Part 2 — Embedding provider (#7)¶
Decoupled from any LLM vendor. Three implementations at launch.
@runtime_checkable
class EmbeddingProvider(Protocol):
dimensions: int
async def embed(self, text: str) -> list[float]: ...
async def embed_batch(self, texts: list[str]) -> list[list[float]]: ...
async def health_check(self) -> bool: ...
| Provider | Model | Dims | Local | Cost |
|---|---|---|---|---|
OllamaProvider |
nomic-embed-text | 768 | yes | free |
OllamaProvider |
nomic-embed-text-v2-moe | 768 | yes | free, multilingual |
OpenAIProvider |
text-embedding-3-small | 1536 | no | $0.02/1M tokens |
SentenceTransformerProvider |
all-MiniLM-L6-v2 | 384 | yes | free, no Ollama |
NullProvider |
— | 0 | — | — |
EMBEDDING_PROVIDER=ollama # ollama | openai | sentence_transformer | none
EMBEDDING_MODEL=nomic-embed-text
EMBEDDING_DIMENSIONS=768
OLLAMA_URL=http://localhost:11434
Text representation for embedding¶
Every node gets embedded from its concatenated text properties:
def node_to_text(label: str, props: dict) -> str:
parts = [f"{label}:"]
parts.append(props.get("name") or props.get("title", ""))

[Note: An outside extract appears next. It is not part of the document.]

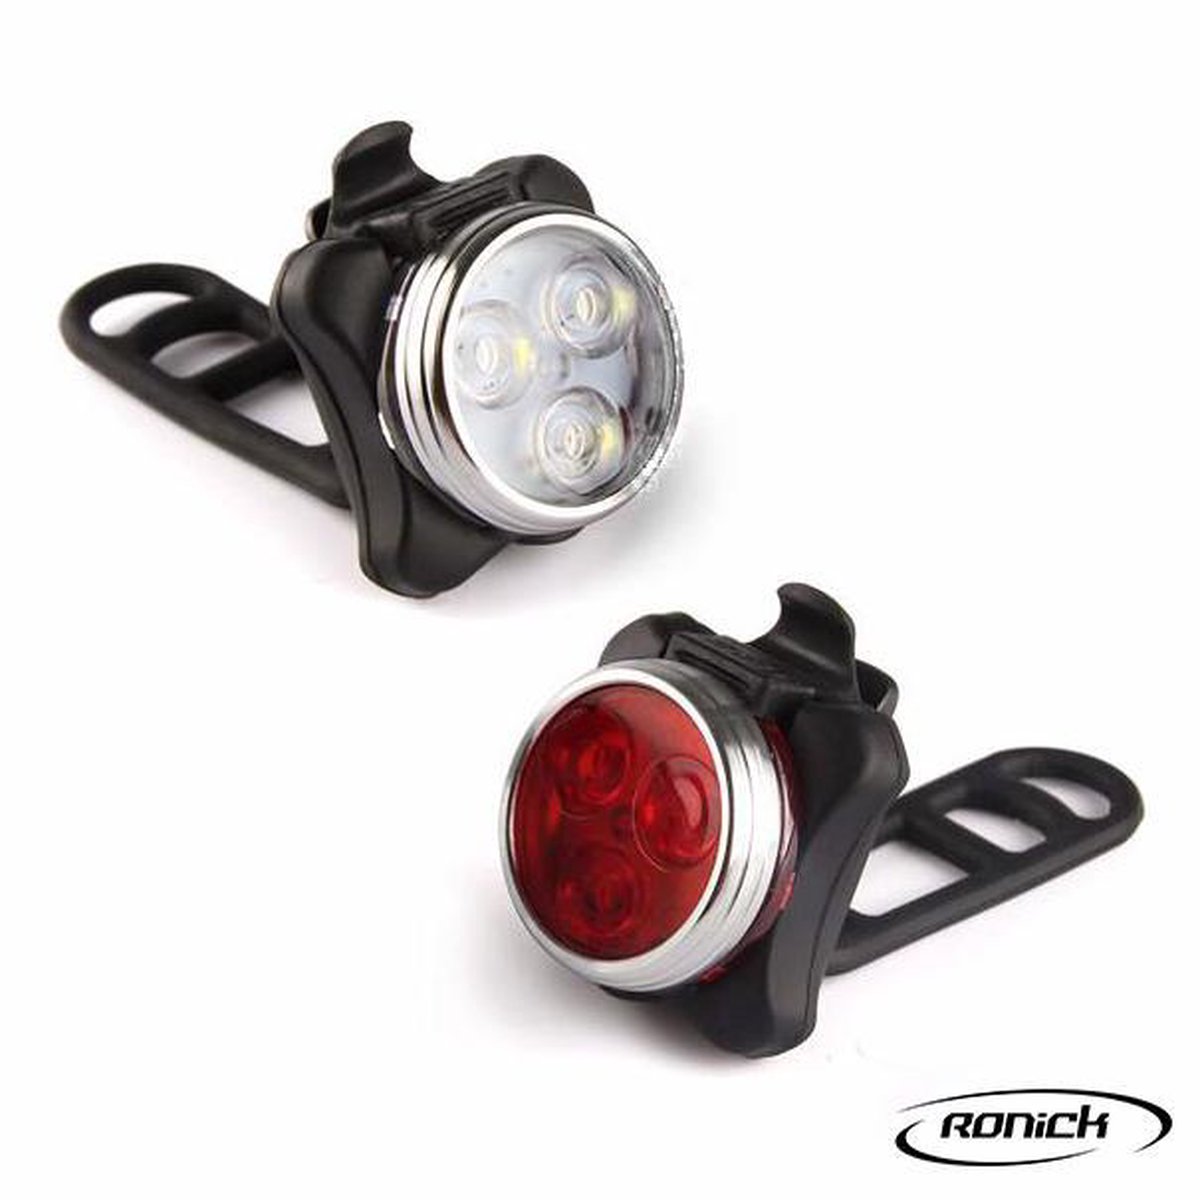 Ronick LED Fietsverlichtingset - USB Oplaadbaar Fietslampjes set Wit en Rood – Fietslamp Voorlicht en Achterlicht - Ronick

for field in ("description", "notes", "rationale",
"solution", "context", "body"):
if value := props.get(field):
parts.append(value)
return " ".join(parts)
Part 3 — Hybrid search engine (#1)¶
The search engine lives in core/search.py. It talks only to the
protocols — zero database-specific code.
Algorithm¶
query ──► EmbeddingProvider.embed(query)
│
┌─────────┴──────────┐
▼ ▼
VectorStore GraphStore
.search_vectors() .fulltext_search()
│ │
└─────────┬──────────┘
▼
merge by node_id
normalize scores to [0,1]
│
▼
final = α·v_score + (1-α)·f_score + β·graph_boost
│
▼
optional: GraphStore.get_neighbours()
for top-K results (1-hop expansion)
│
▼
ranked results
Scoring¶
@dataclass
class HybridConfig:
alpha: float = 0.6 # vector weight
graph_beta: float = 0.15 # graph boost weight
boost_cap: float = 0.3 # max graph boost per node
vector_k: int = 20 # candidates from vector search
fulltext_k: int = 20 # candidates from fulltext search
class HybridSearchEngine:
def __init__(self, graph: GraphStore, vector: VectorStore,
embedder: EmbeddingProvider, config: HybridConfig):
self.graph = graph
self.vector = vector
self.embedder = embedder
self.config = config
async def search(self, query: str, limit: int = 10) -> list[SearchResult]:
# 1. Embed query
query_vec = await self.embedder.embed(query)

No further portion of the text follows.